In formula, | Ar | it is the number of non-domination solution；M is the number of objective function；μ_i ^kIt is non-domination solution in i-th of target letter Several satisfactions, membership function are as follows:

The maximum and minimum value of respectively i-th objective function, F_i(X_k) it is non-domination solution X_kIn i-th of mesh The value of scalar functions.

(3-4) algorithm executes step: being based on step (3-1) to (3-3), the improvement multiple target towards unmanned aerial vehicle flight path planning Steps are as follows for the execution of backbone particle swarm optimization algorithm:

Algorithm relevant parameter, the scale Ns including population, the number of nodes Nt of population, external storage is arranged in (3-4-1) The capacity integrated is Na, the number of iterations Ts.

(3-4-2) encodes the particle in population, the position of each particle in random initializtion population, setting The individual extreme point Pbest of each particle is the initial position of the particle.

(3-4-3) evaluates the target function value of each particle, i.e. step (2-1) the track length cost, step (2-2) The threat cost and step (2-3) the concealment cost return to the non-domination solution in population, non-domination solution are saved in In external storage set, and assignment is carried out to the global extreme point Gbest of particle.
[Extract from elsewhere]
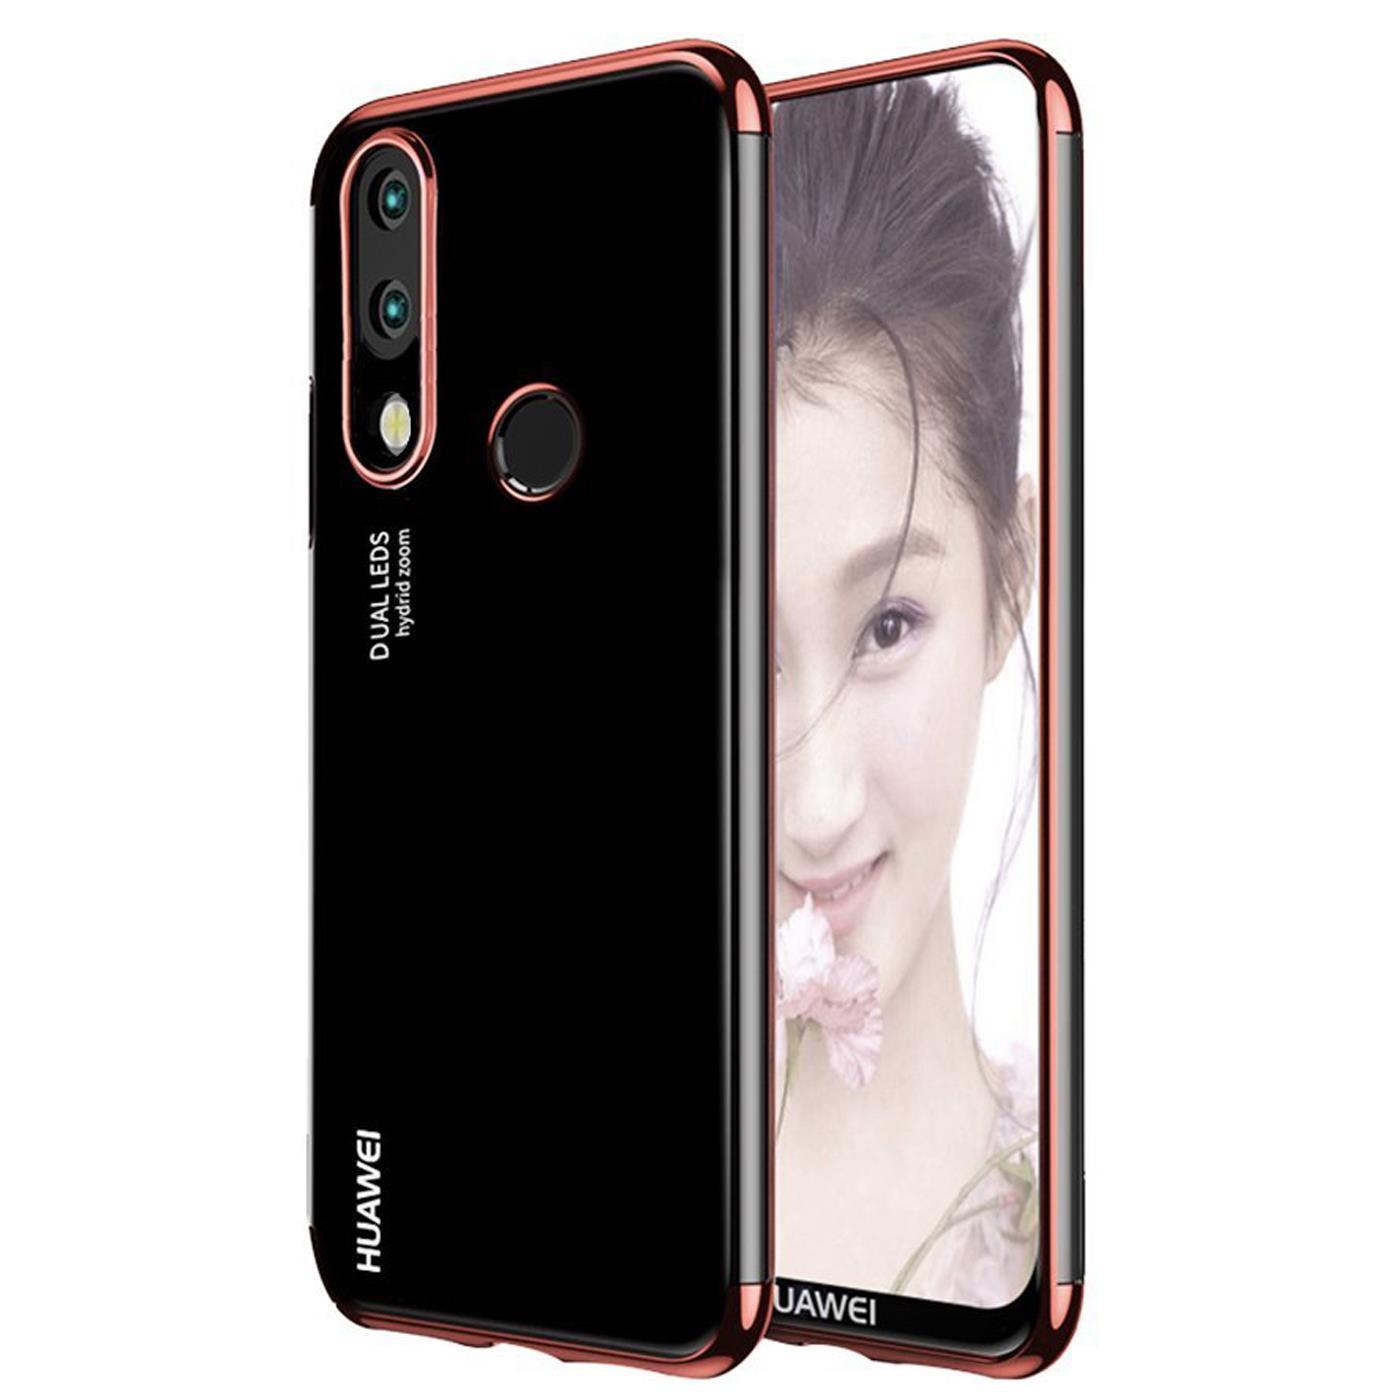 Silikon-Klar-Case-fuer-Huawei-p20-Lite-Ultra-Slim-Stossfeste-Gel-Rueckseite Indexbild 20

The Gaussian Profile of (3-4-4) based on Pbest and Gbest carries out location updating to particle, judges that the particle updated is raw Whether the track section track of production passes through massif, if passed through, regenerates new position, until the corresponding boat of produced particle Mark no longer passes through massif.

(3-4-5) evaluates the target function value of each particle, i.e. step (2-1) the track length cost, step (2-2) The threat cost and step (2-3) the concealment cost carry out more individual extreme point Pbest by dominance relation Newly.

(3-4-6) carries out the previous generation non-domination solution of the new population non-domination solution generated and external storage concentration Pareto compares, and is updated to external storage collection.Judge whether external storage collection is greater than the capacity Na of external storage collection, if It is then to be cut to population.

The global extreme point Gbest of (3-4-7) more new particle.

(3-4-8) judges whether the termination condition for reaching algorithm, if it is, output Pareto optimal solution set.If not yet Have, then repeats above (3-4-4) to (3-4-7) step.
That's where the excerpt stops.